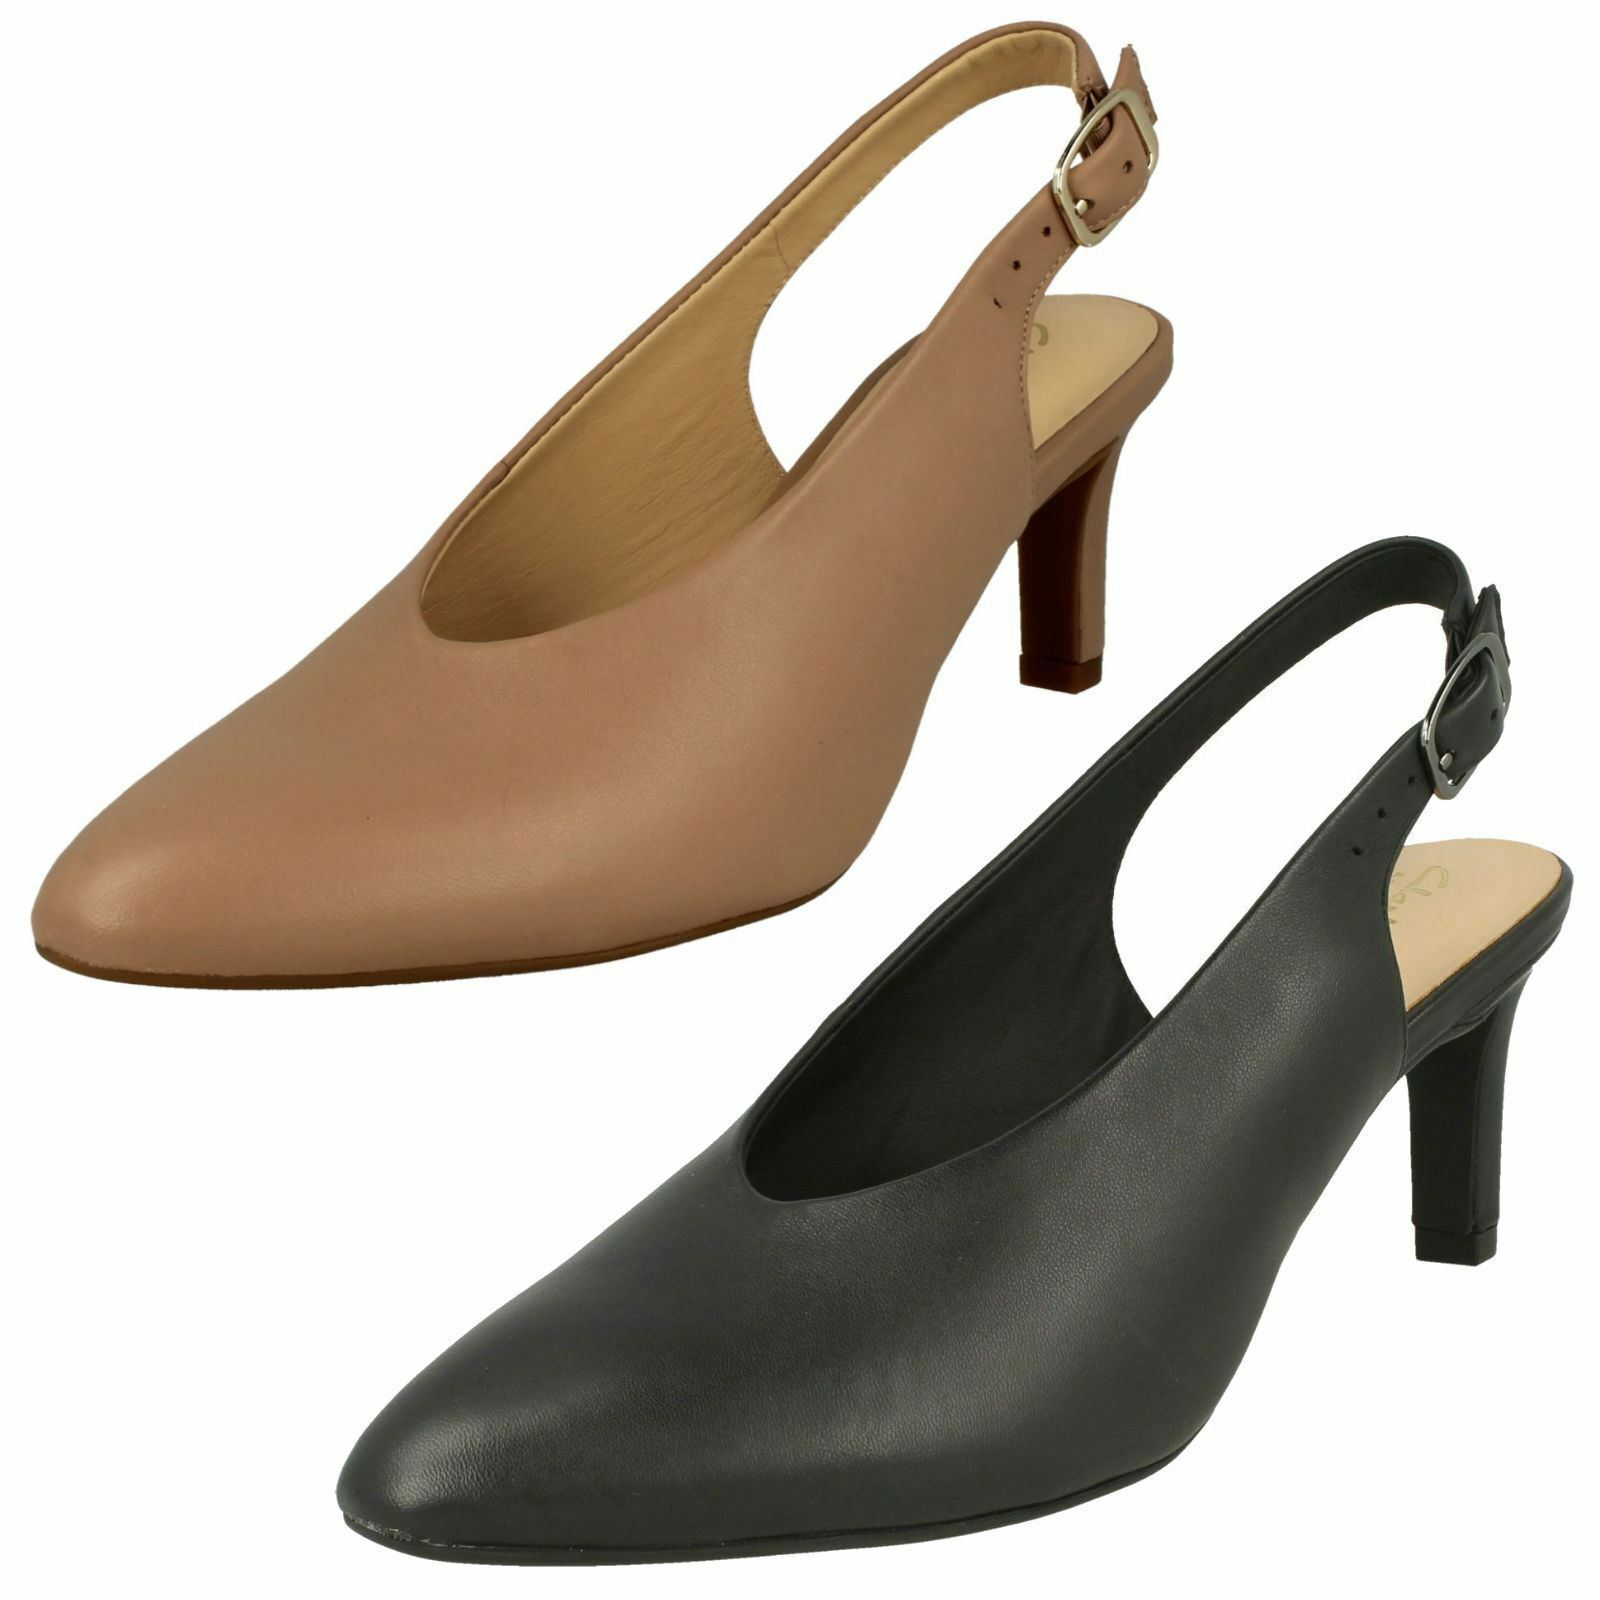 Damen Clarks Leder Schuh Spitz Spitz Spitz Sling Absatz Schuhe Sandalen Calla lilat 304643
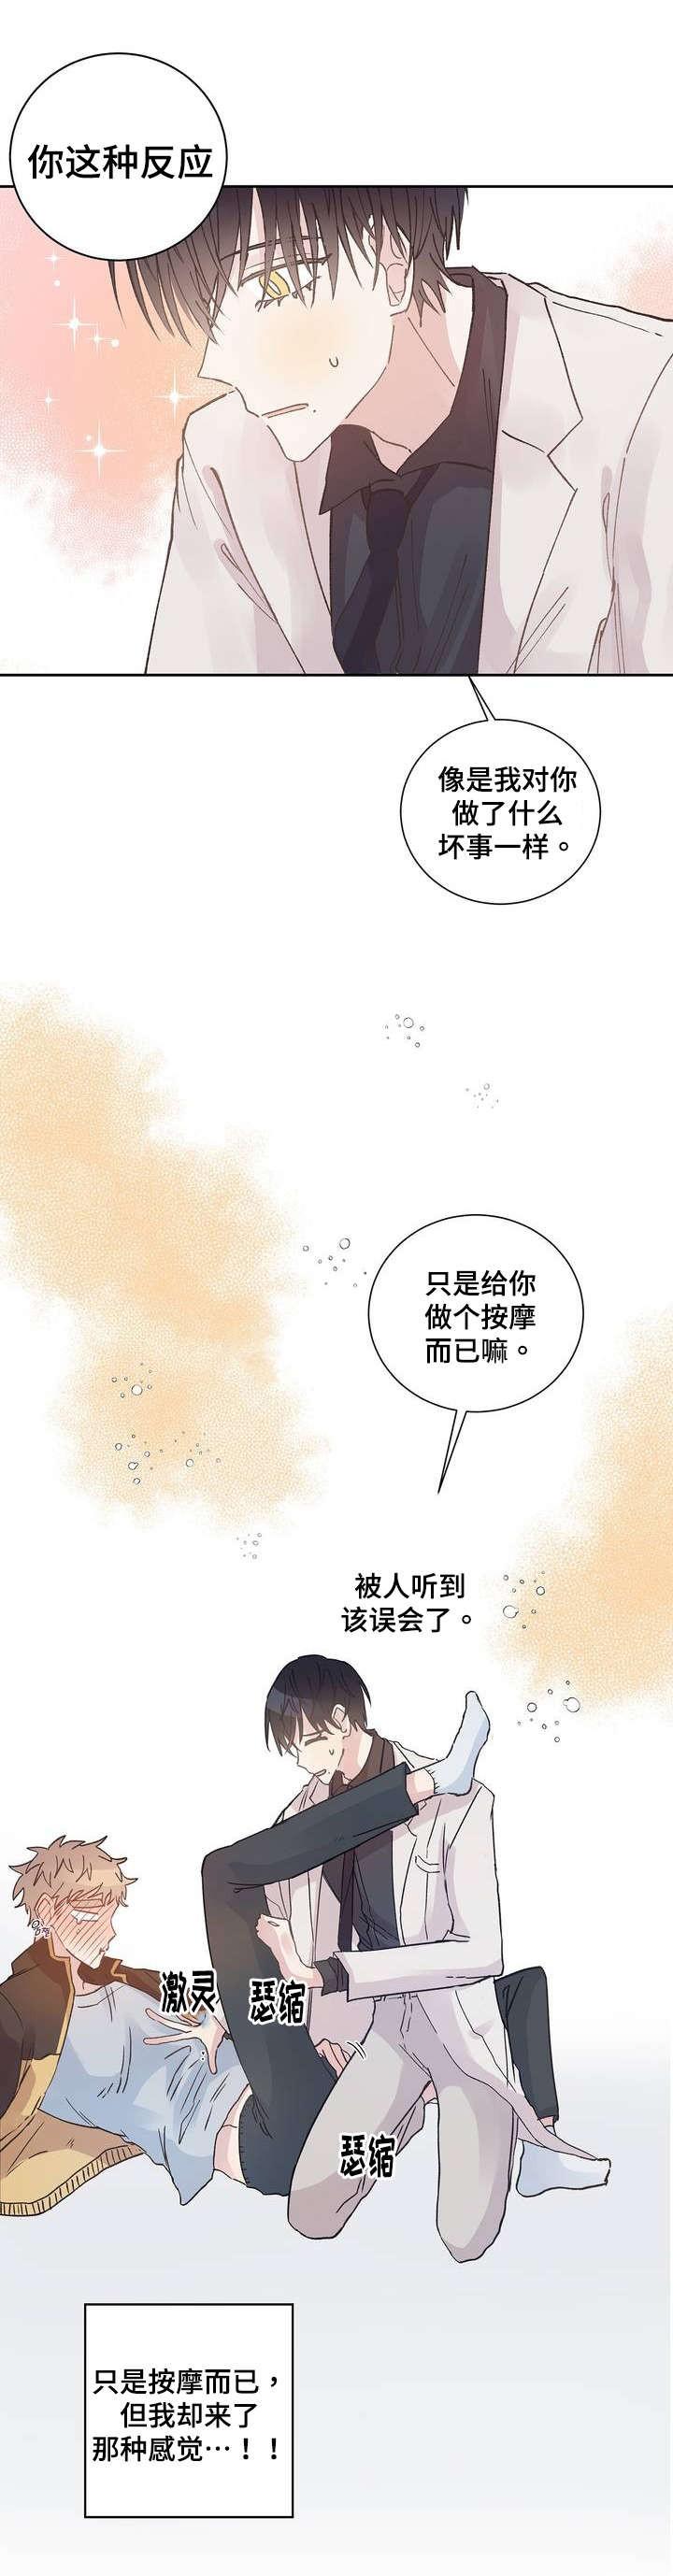 纯情保健室-漫画下拉式免费阅读_最新连载更新至44话-啵乐漫画
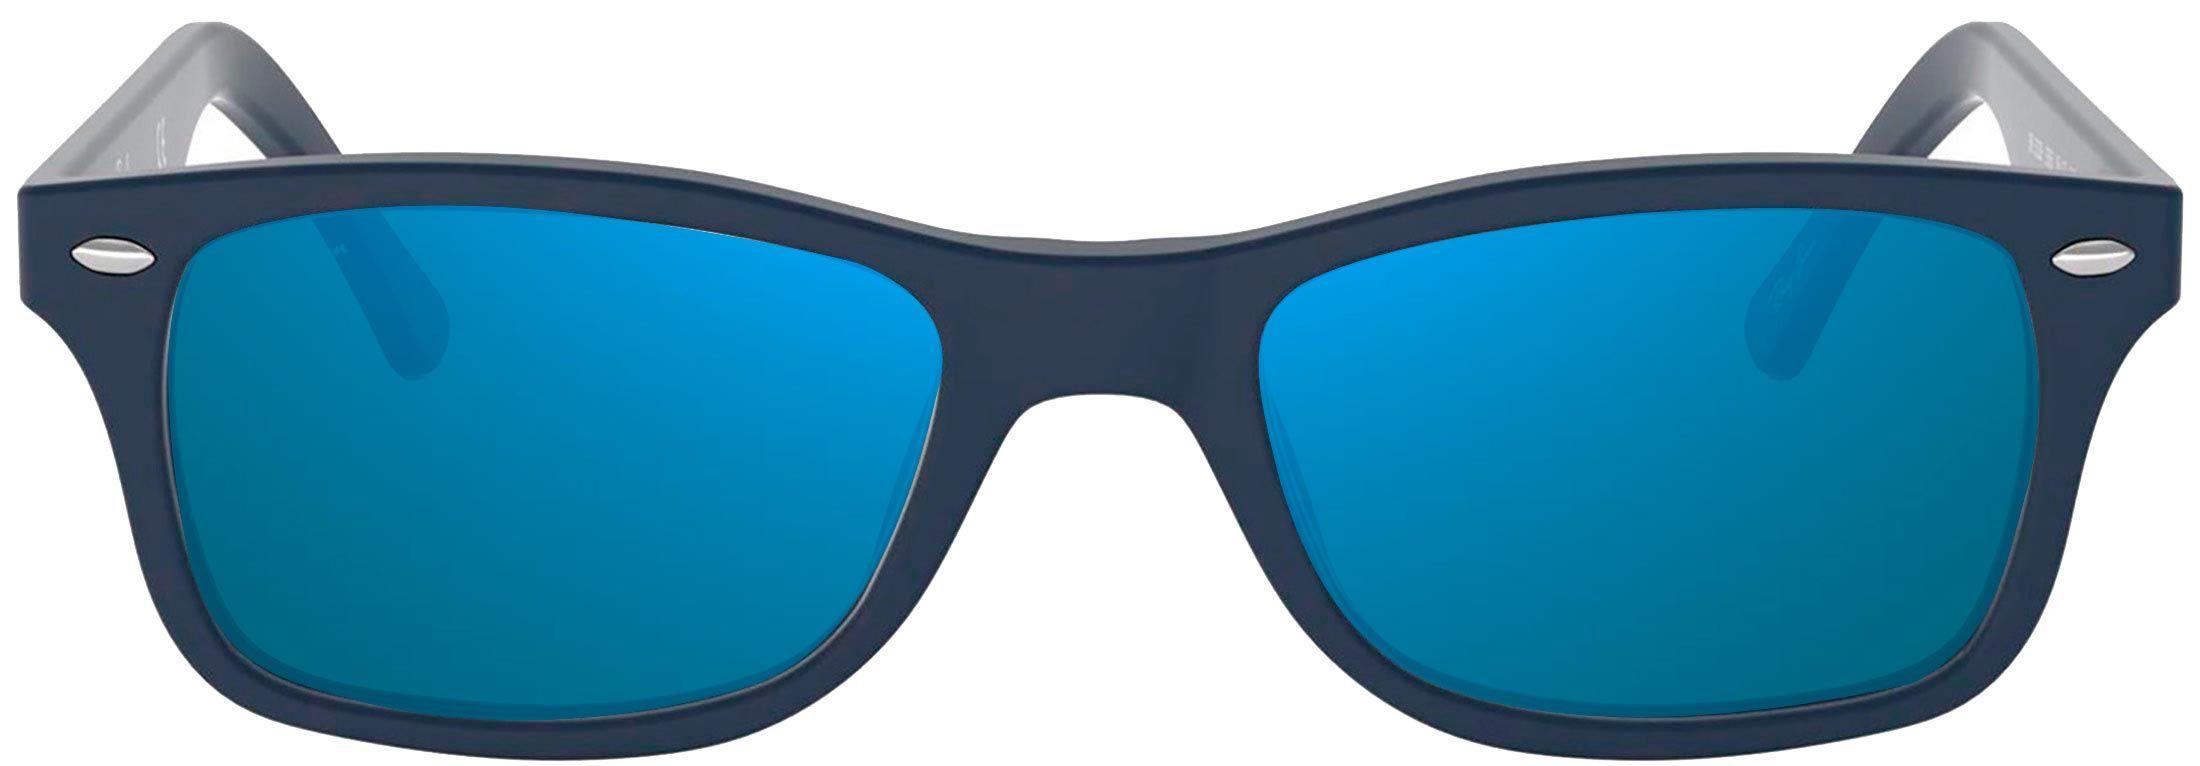 new concept 6d372 1b6cc Köp solglasögon online till väldigt lågt pris!

▶ _PROBLEM DETAILS_:
A faithful, picture-free copy of the material is what this task asks for.

▶ _REPLY TO THE EXERCISE_:
 Damen Clarks Leder Schuh Spitz Spitz Spitz Sling Absatz Schuhe Sandalen Calla lilat 304643
 纯情保健室-漫画下拉式免费阅读_最新连载更新至44话-啵乐漫画
 new concept 6d372 1b6cc Köp solglasögon online till väldigt lågt pris!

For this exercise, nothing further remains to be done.